Despite opening mid-action and continuing tensely and relentlessly from there, Romero finds time for quiet moments full of character detail and some hauntingly beautiful shots of the landscape. This is a poetic movie, in spite of (and sometimes because of) all the hacking, slashing, shooting, and smooshing. Like most of Romero's movies, it's also a keenly observant one about life in this country, and the ending is simultaneously hopeful, uncertain, pragmatic, and ambiguous.

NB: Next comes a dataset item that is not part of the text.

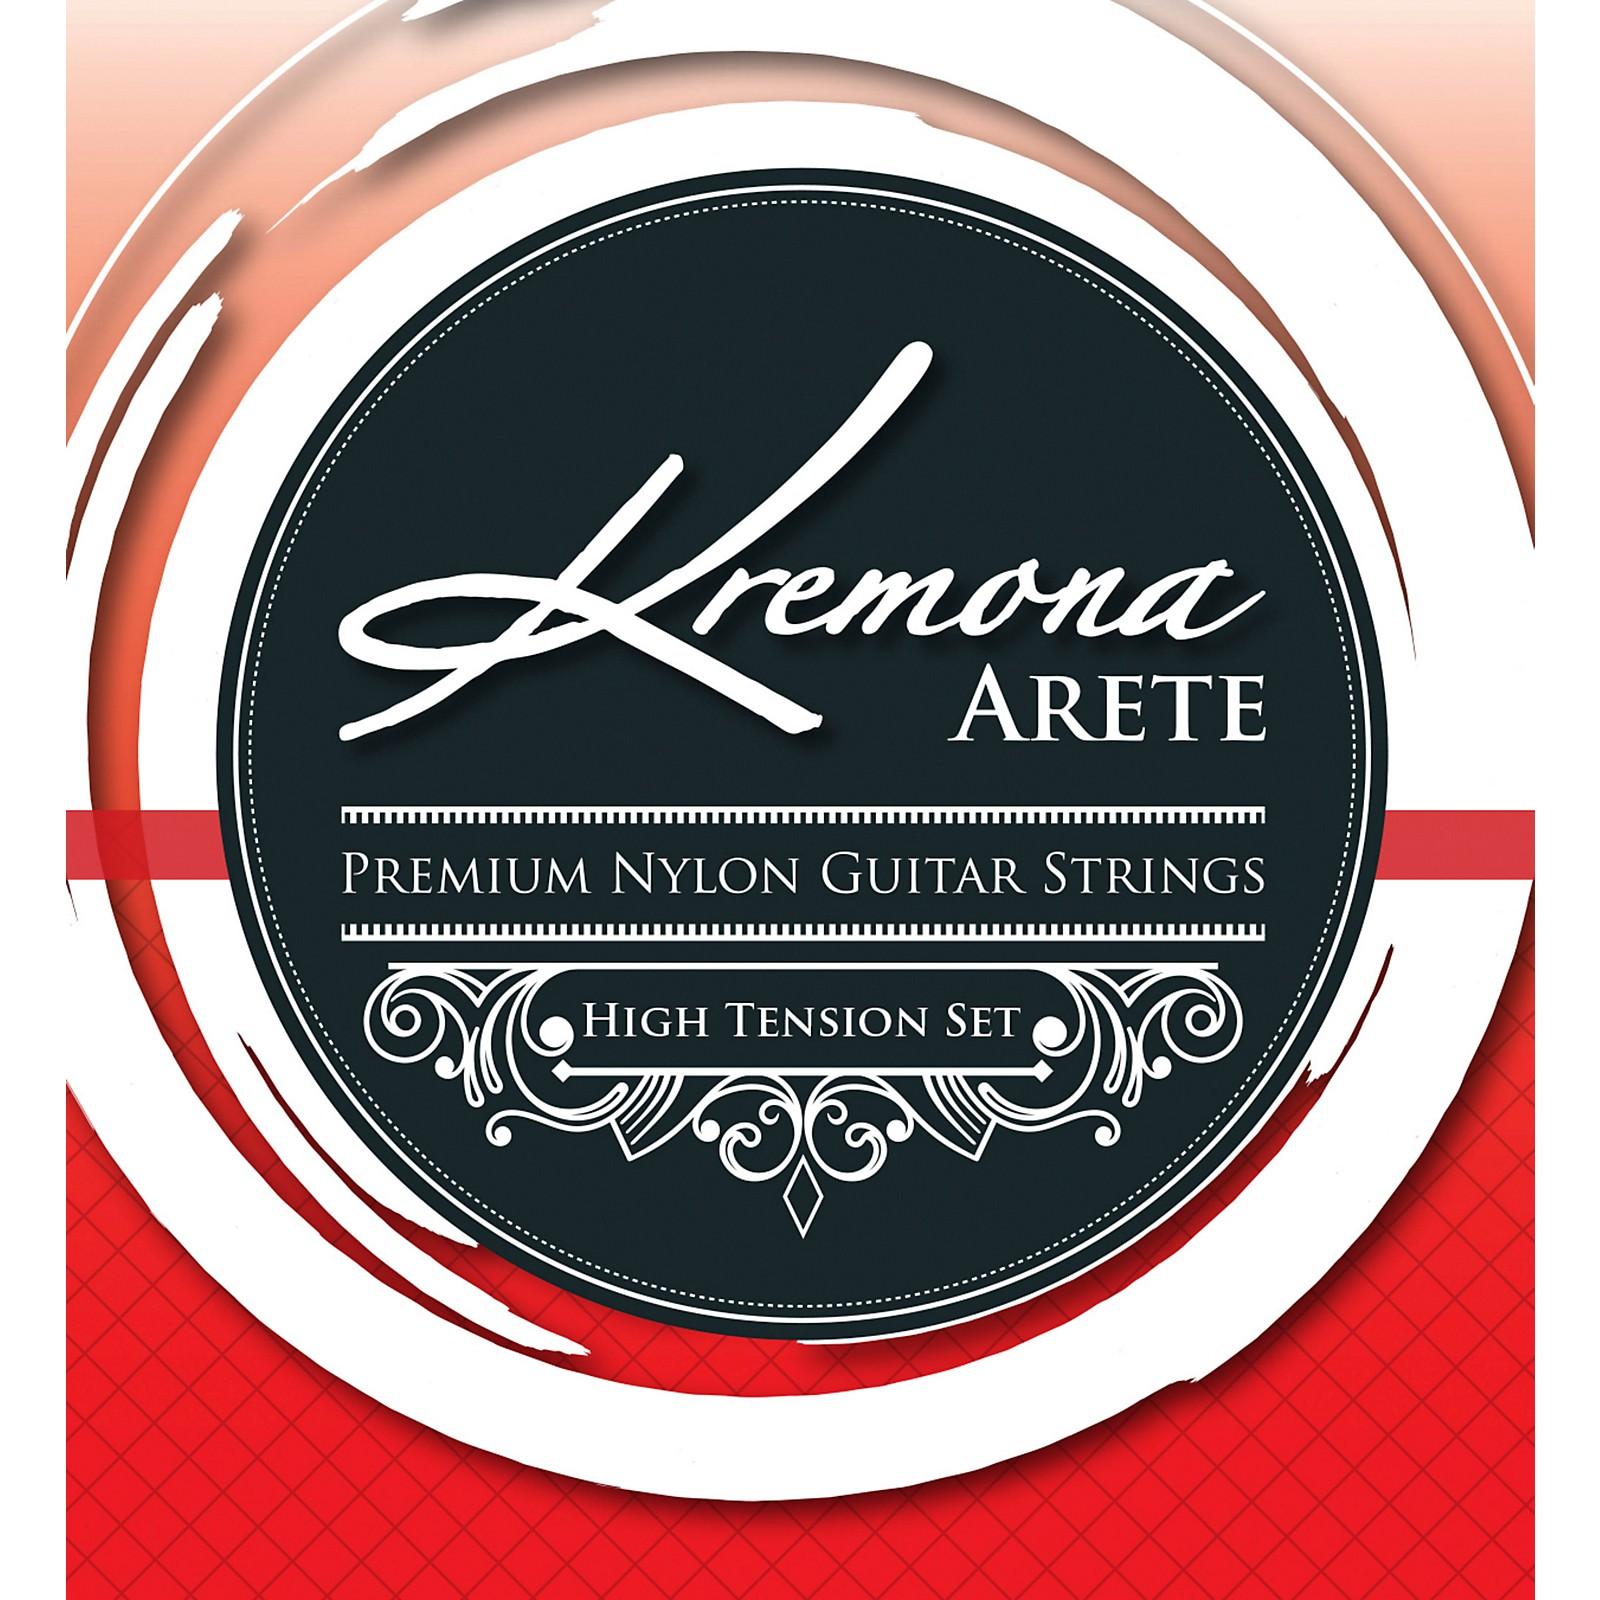 Kremona Arete Premium Nylon Guitar Strings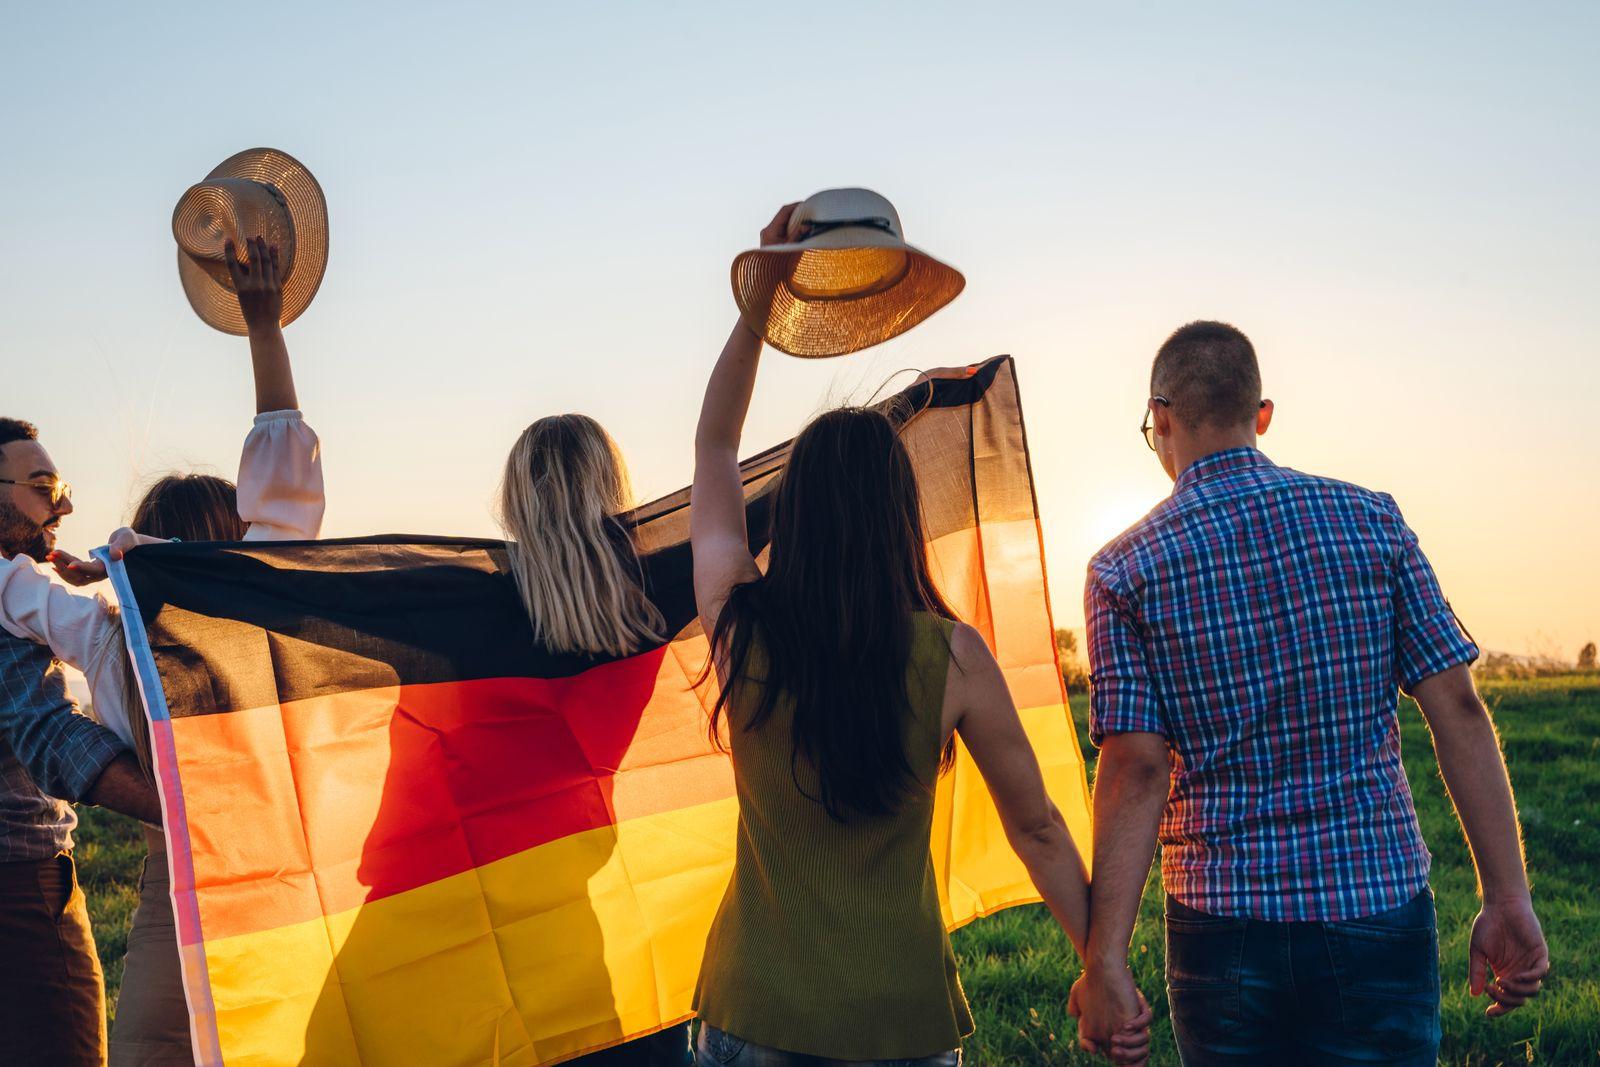 Spreading german flag

Long before modern directors wouldn't stop congratulating themselves for hiring diverse casts in their aesthetically same-old, same-old Hollywood slop (I'm a catty little bitch today), Romero put together casts of characters that look like how the United States really looks demographically. There are a lot of interesting shifting power dynamics going on with our four leads (Ross, Ken Foree, David Emge, Scott H. Reiniger) as the movie progresses in addition to their camaraderie and teamwork, and Dawn of the Dead has a lot of subtly intriguing scenes about the divisions of race, gender, masculinity and femininity, disability, illness, and class without any characters making corny speeches to get any of this across. It continually flavors the movie instead of getting in the way of the movie. Aside from a handful of mildly overwritten one-liners, Romero's characters speak the way people speak, a strength that carries across most of his work.
I could keep going on and on about this movie (I didn't even mention the Hare Krishna zombie or Tom Savini's double duty as makeup and effects guy and actor), but I'll reel it in. Most of you have seen this one (probably multiple times), and you share my love for it. The naysayers? To paraphrase Kris Kristofferson, if you don't like Dawn of the Dead, you can kiss my ass.